The following code creates a data frame where each row corresponds to a pair of DNA sequences.
d_pairs <- combn(HIV$person_id, 2) %>%
t() %>% # go from wide matrix (2 rows) to long matrix (2 columns)
as_tibble() %>%
rename(id1 = V1, id2 = V2) %>%
left_join(HIV, by = c("id1" = "person_id")) %>% # add dna for person 1
rename(dna1 = dna_short) %>%
left_join(HIV, by = c("id2" = "person_id")) %>% # add dna for person 1
rename(dna2 = dna_short)
Question: What are the dimensions of
d_pairs
?
To measure the distance between two sequences, we first consider the Hamming distance
\[ d(i,j) = \sum_{k=1}^n 1\{\text{dna}_{ik} \neq \text{dna}_{jk}\} \]
which counts the number of elements that are different between two sequences. Here \(d(i,j)\) denotes the Hamming distance between sequences \(i\) and \(j\), and \(1\{\text{dna}_{ik} \neq \text{dna}_{jk}\}\) is equal to \(1\) is the \(k\)-th element of sequence \(i\) is different from that of sequence \(j\).

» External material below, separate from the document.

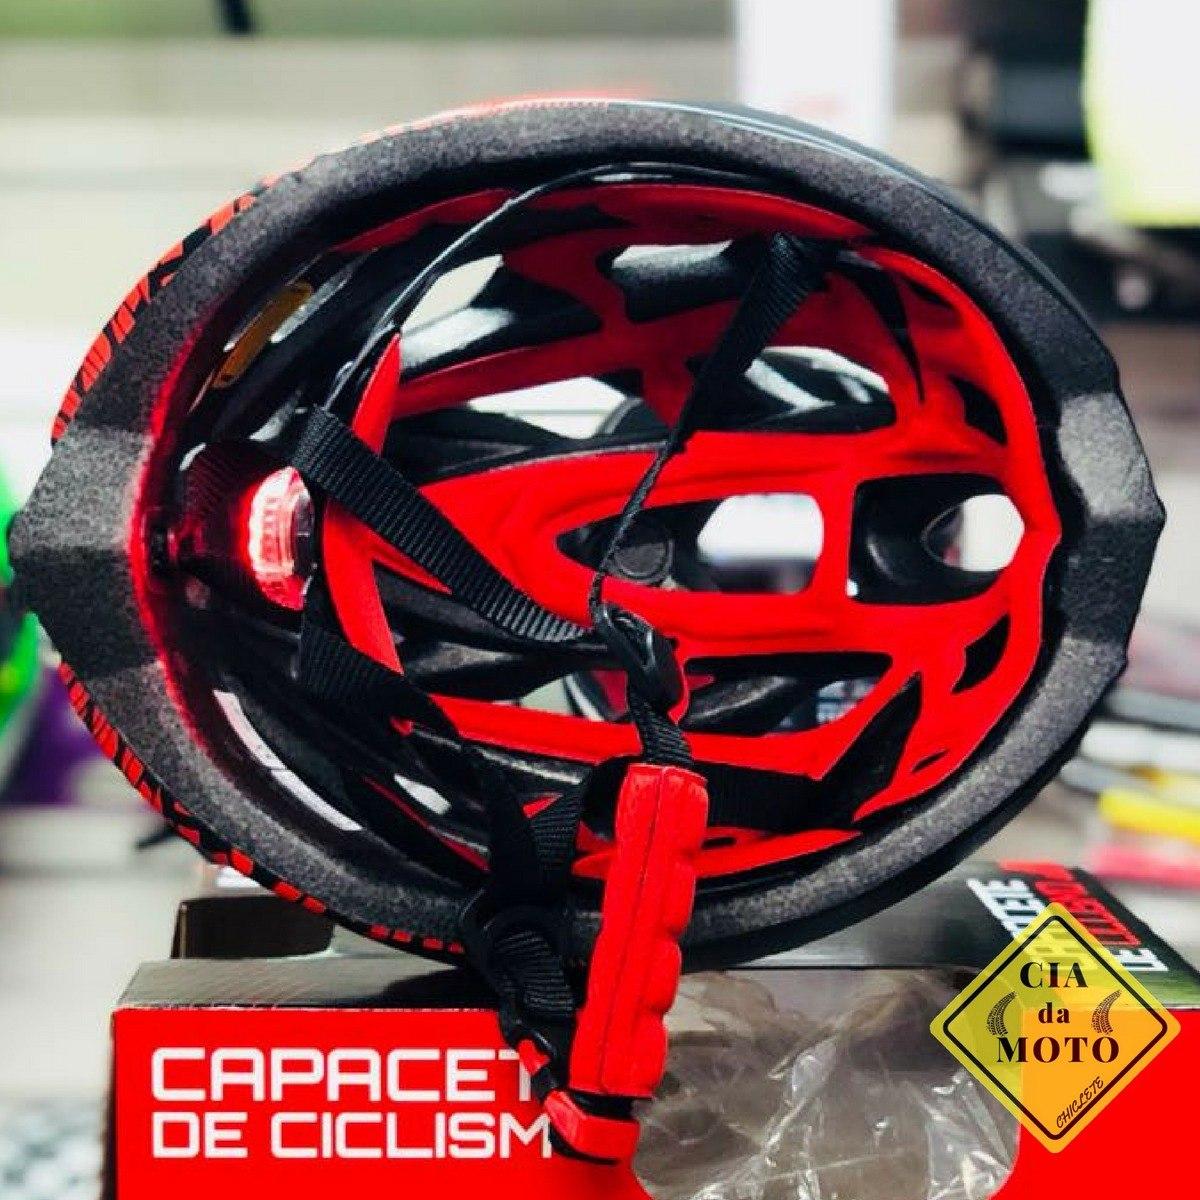 d560a8cd3 Capacete Bike Ciclismo Mtb High One Leone Bicicleta - R  159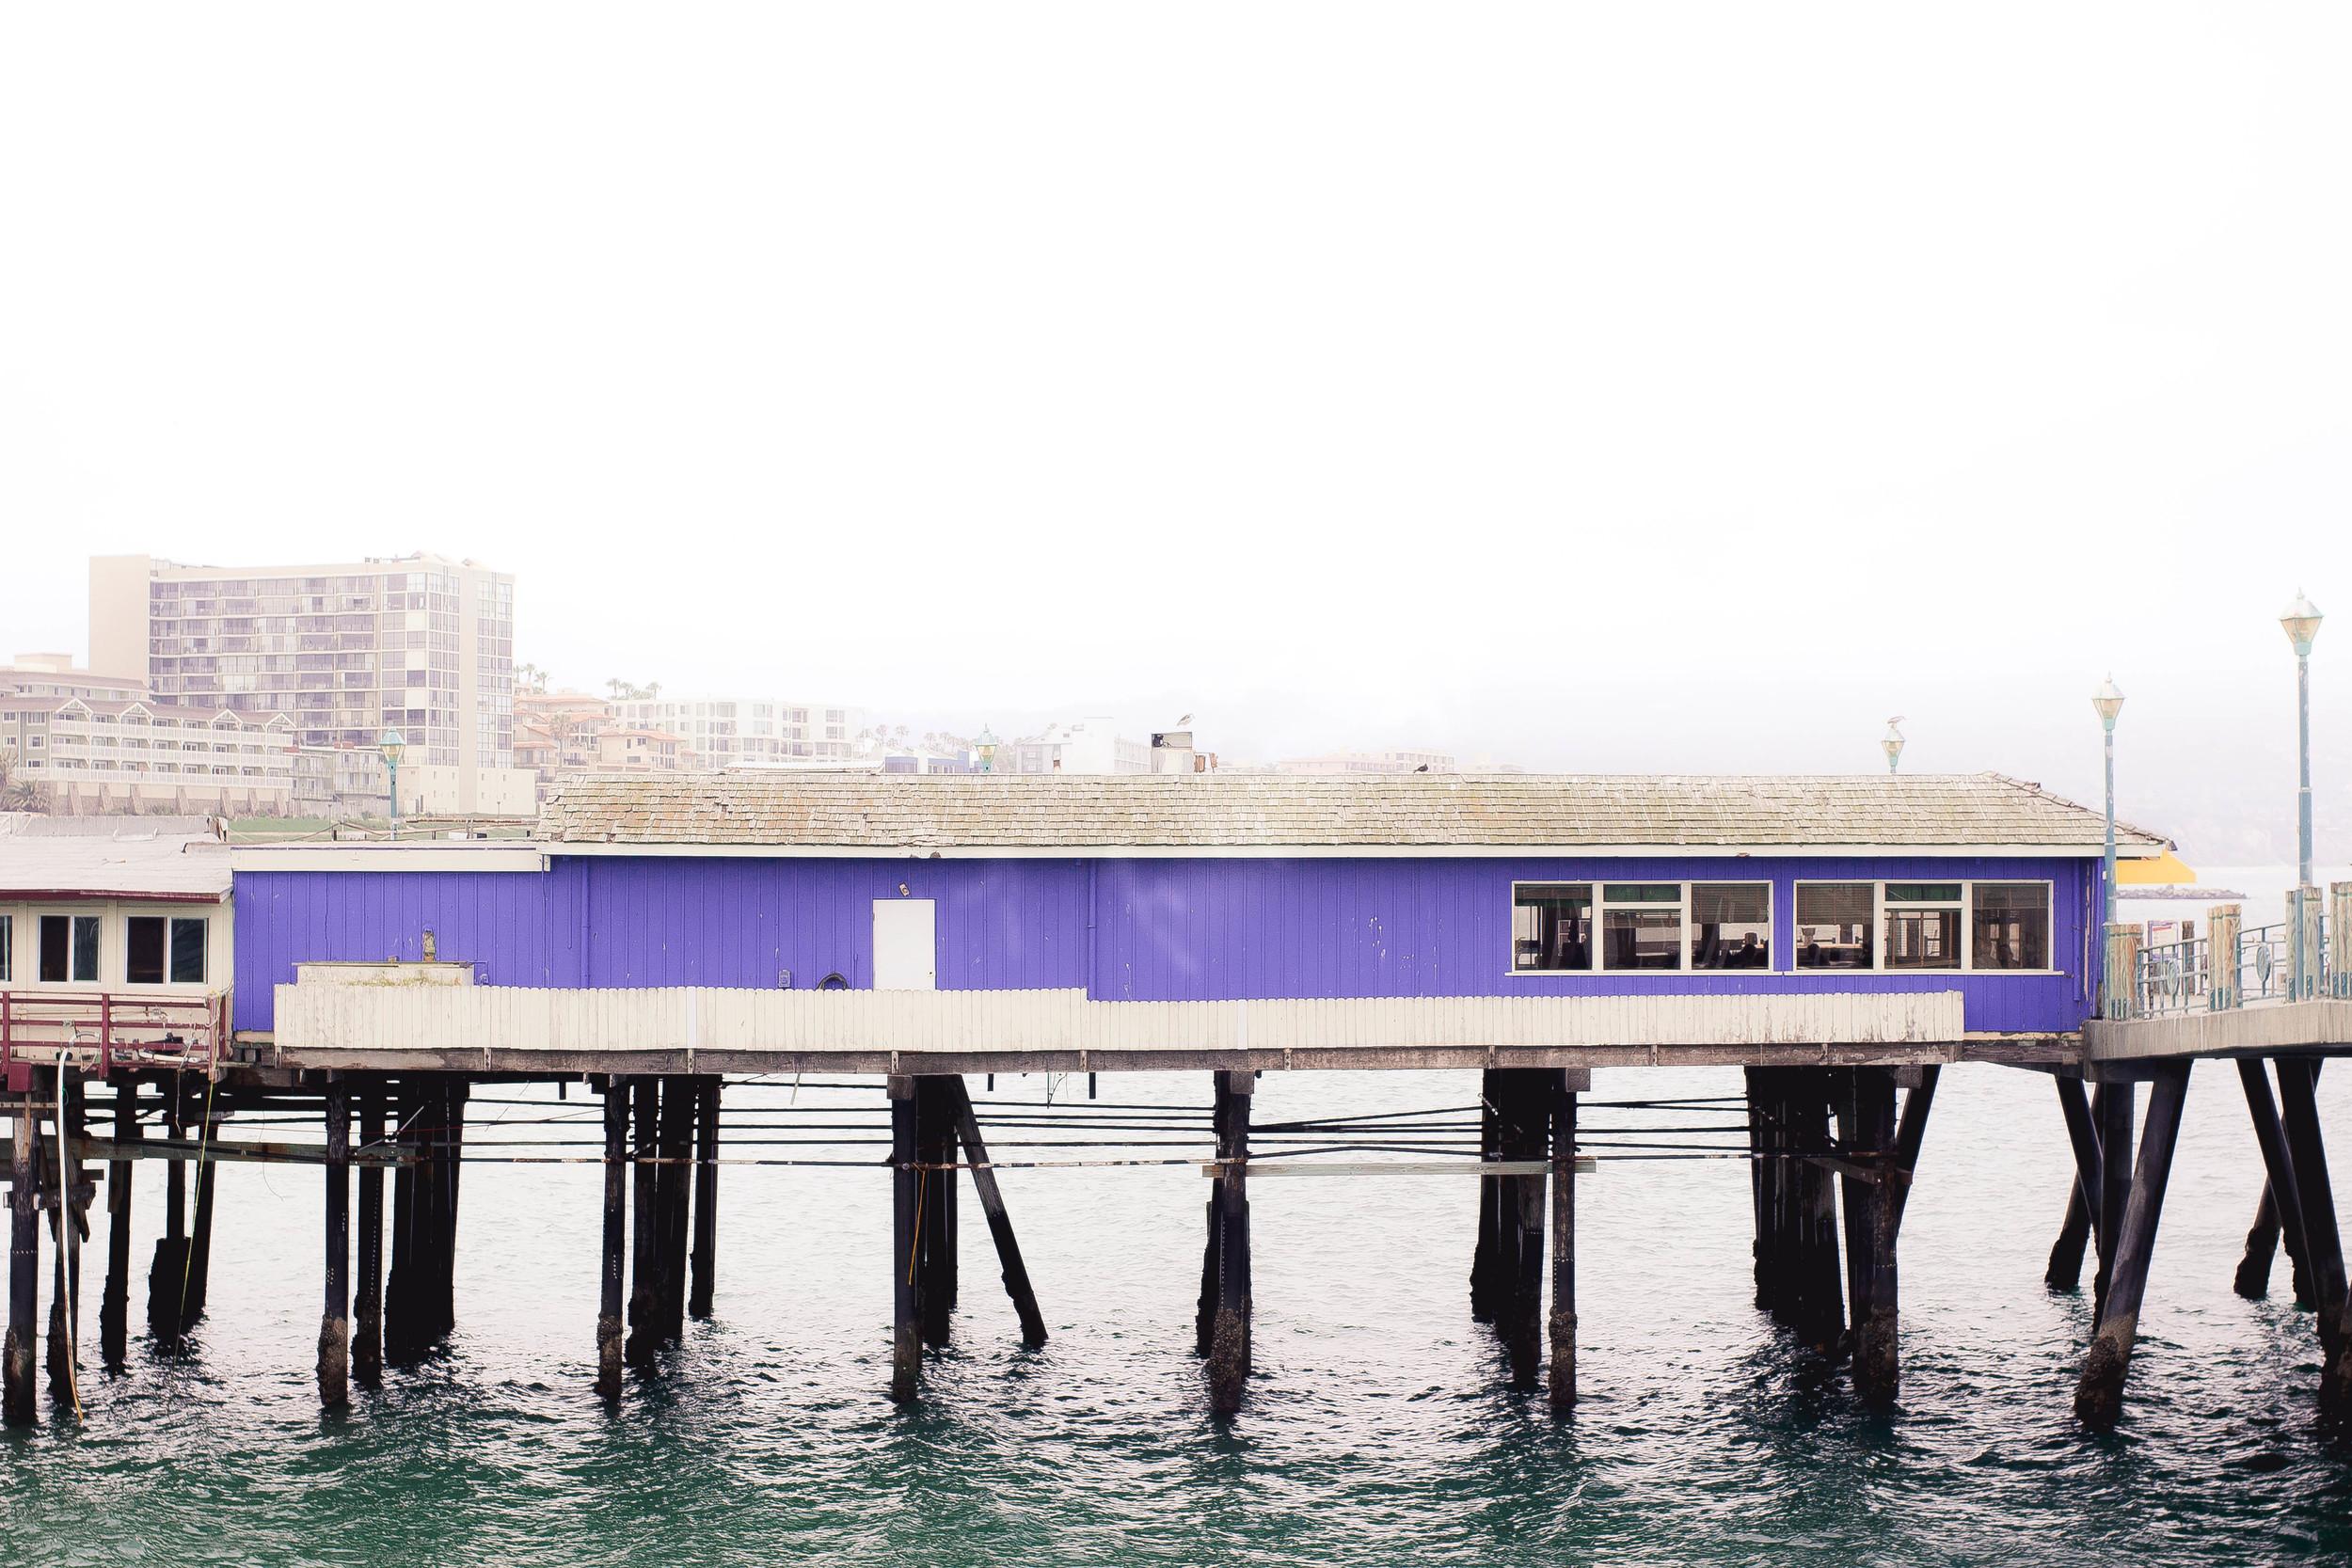 Redondo Beach Pier in fog | from scratch, mostly

The following code computes the Hamming distance between each pair of
sequences. We first construct function compute_hamming
which computes the Hamming distance between two DNA sequences. We then
apply this function to each row of the d_pairs
data
frame.
compute_hamming <- function(dna1, dna2) {
dna1_split <- str_split(dna1, pattern = "", simplify = TRUE)
dna2_split <- str_split(dna2, pattern = "", simplify = TRUE)
hamming_distance <- sum(dna1_split != dna2_split)
return(hamming_distance)
}
d_hamming <- d_pairs %>%
mutate(
distance_ham = list(dna1, dna2) %>% pmap_dbl(compute_hamming)
)
Make a histogram of the Hamming distances and describe the distribution.
Find the 10 pairs of DNA sequences that are the closest to the plaintiff’s sequence in terms of Hamming distance.
Which sequence is most closely related to the plaintiff’s sequence?
How many differences are there between the DNA sequence of the plaintiff and that of the defendant’s patient?
Can you identify a shortcoming of the Hamming distance? Does a large Hamming distance necessarily imply that the two DNA sequences are very different?
Let us now consider an alternative measure of distance for DNA sequences.
d_biology <- d_pairs %>%
mutate(
distance_bio = list(dna1, dna2) %>% pmap_dbl(adist)
)
Again, make a histogram of the new distance and find the 10 DNA sequences closest to the plaintiff’s.
Which of the two measures do you find more adequate for these data?